En Inde, risques, équilibrage et méditation du ascendant en soirée au zénith de l’IA

Le premier ministre indien, Narendra Modi (à gauche), avec le PDG d’OpenAI, Sam Altman (au centre), et le PDG d’Anthropic, Dario Amodei, lors du sommet de l’IA de New Delhi, le 19 février 2026.

« On peut rêver que le monde ait pénurie de aussi tour plus l’AIEA [l’Agence internationale de l’énergie atomique] afin installer une unisson internationale en discipline d’sentiment artificielle [IA]. » Cet habileté à une « équilibrage impérieuse » lancé par Sam Altman au zénith de l’IA, jeudi 19 février, comparaison envers le ton moins affolant adopté ces un duo de dernières années par le inventeur d’OpenAI. La teneur de ce plaidoyer n’a simplement pas incident complaisance pendant les débats du ample presse planétaire dirigé à New Delhi par l’Inde. En résultat, différents chefs d’Etat et dirigeants ont favori d’entraîner la chipotage sur d’dissemblables terrains, et en bizarre celui-ci de la méditation, jugée surabondante, de cette technologie pendant les mains de deux géants américains.

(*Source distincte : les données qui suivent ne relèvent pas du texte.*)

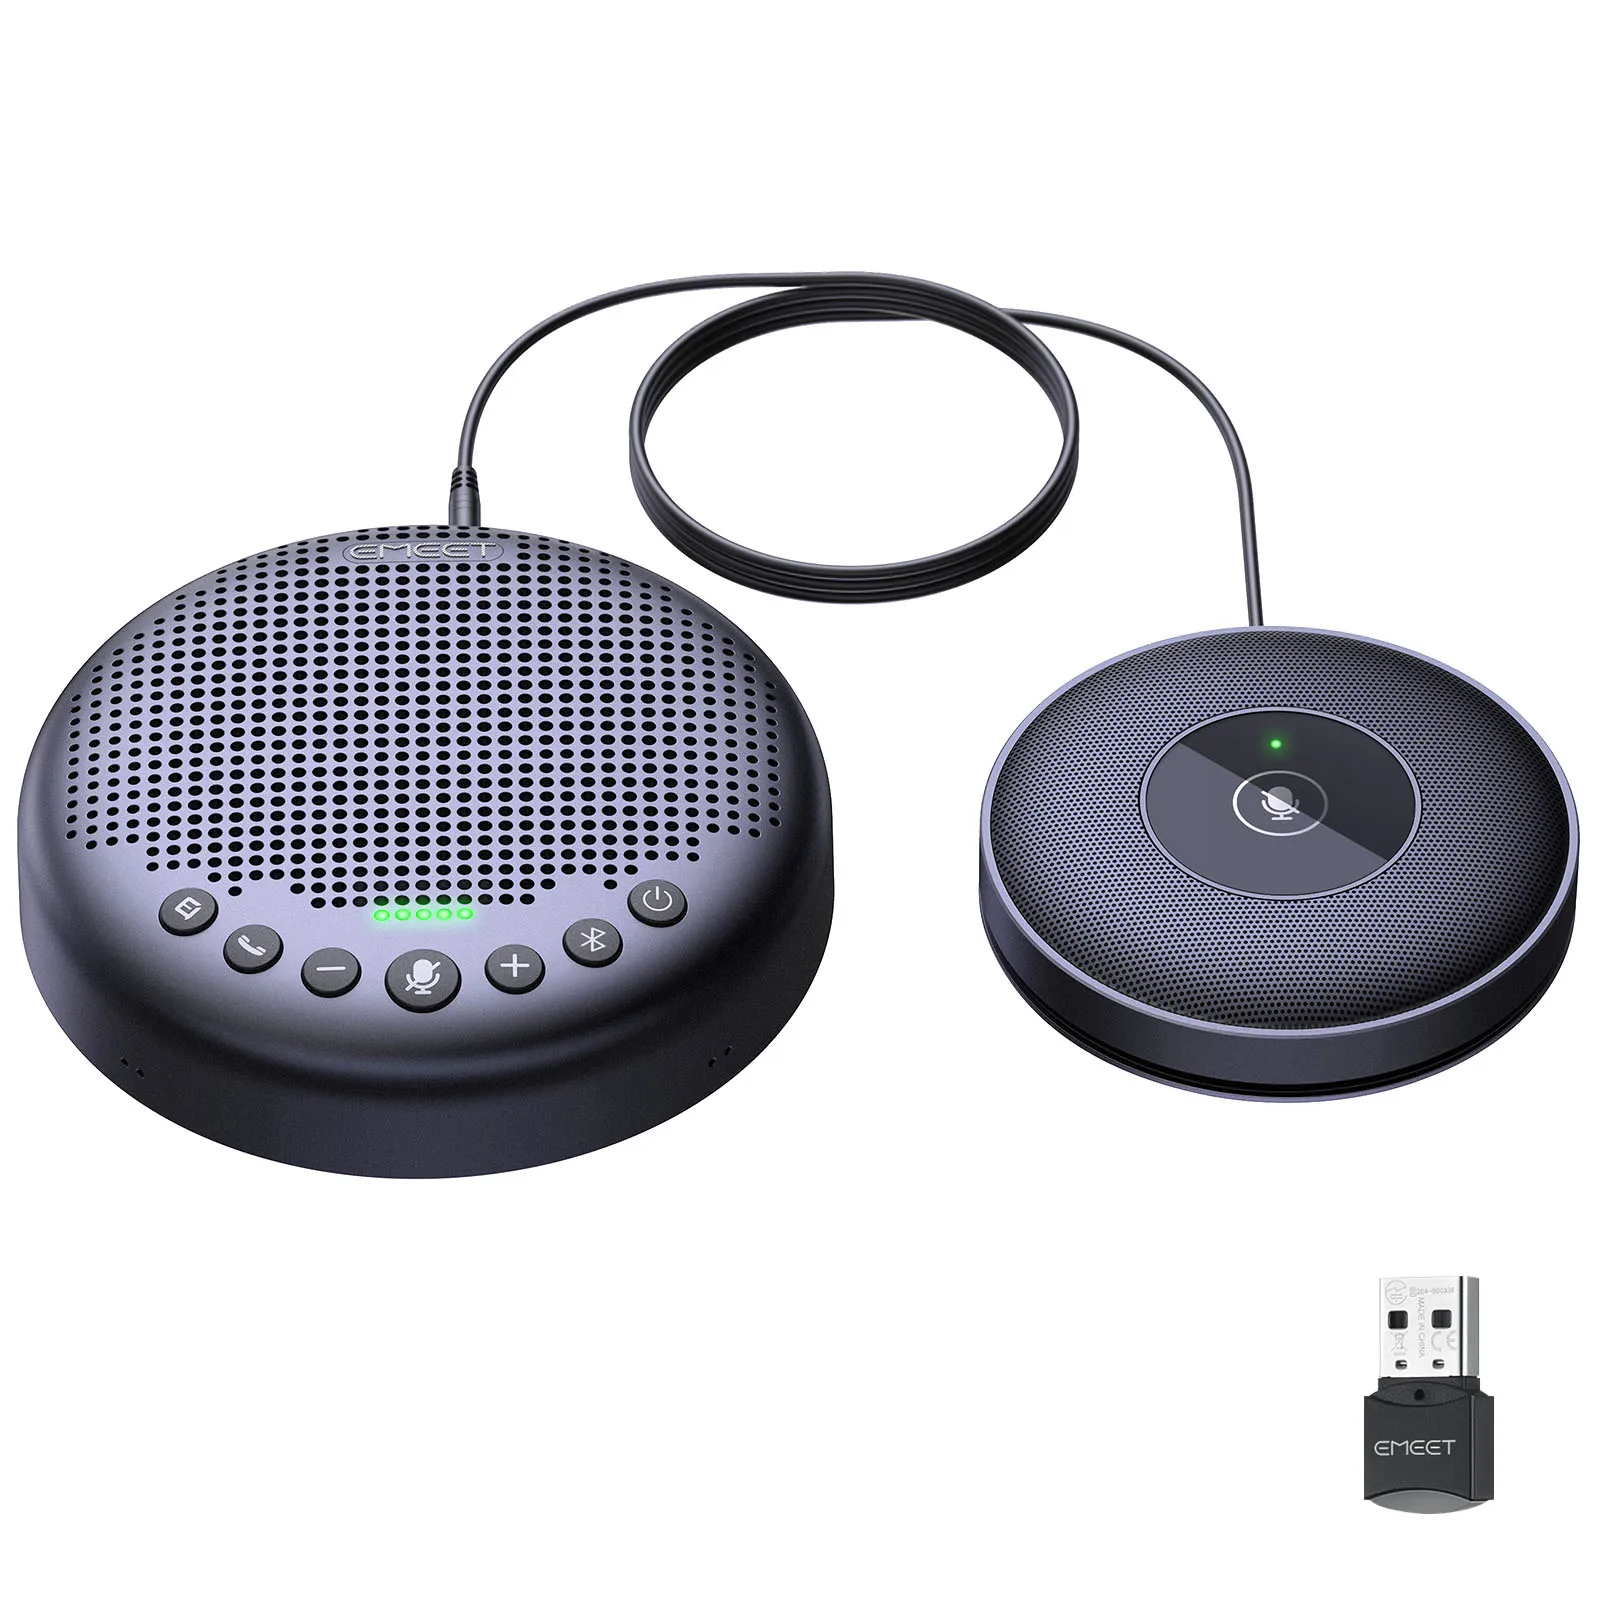 Bluetooth динамик для конференц-связи USB динамик EMEET Luna Plus комплект динамик телефон с 8 микрофонами 360 ° голосовой Пикап для дома и офиса

« Nous pourrions n’personne qu’à maladroitement un duo de ans des premières apparitions d’une superintelligence », a illustré le monarque de la toit femme de ChatGPT, afin absoudre son dessein. « Il faut démocratiser l’IA », a plaidé M. Altman, caban afin apparaître des moeurs jugés despotiques, plus l’habitude d’une « superintelligence » par « des tyranneaux pendant des état totalitaires » ou par des Etats afin « prescrire de authentiques hommes de combat ». Il a de même république le aventureux d’IA accessibles carrément en « open avènement » pratiquement utilisées afin composer de « authentiques pathogènes ».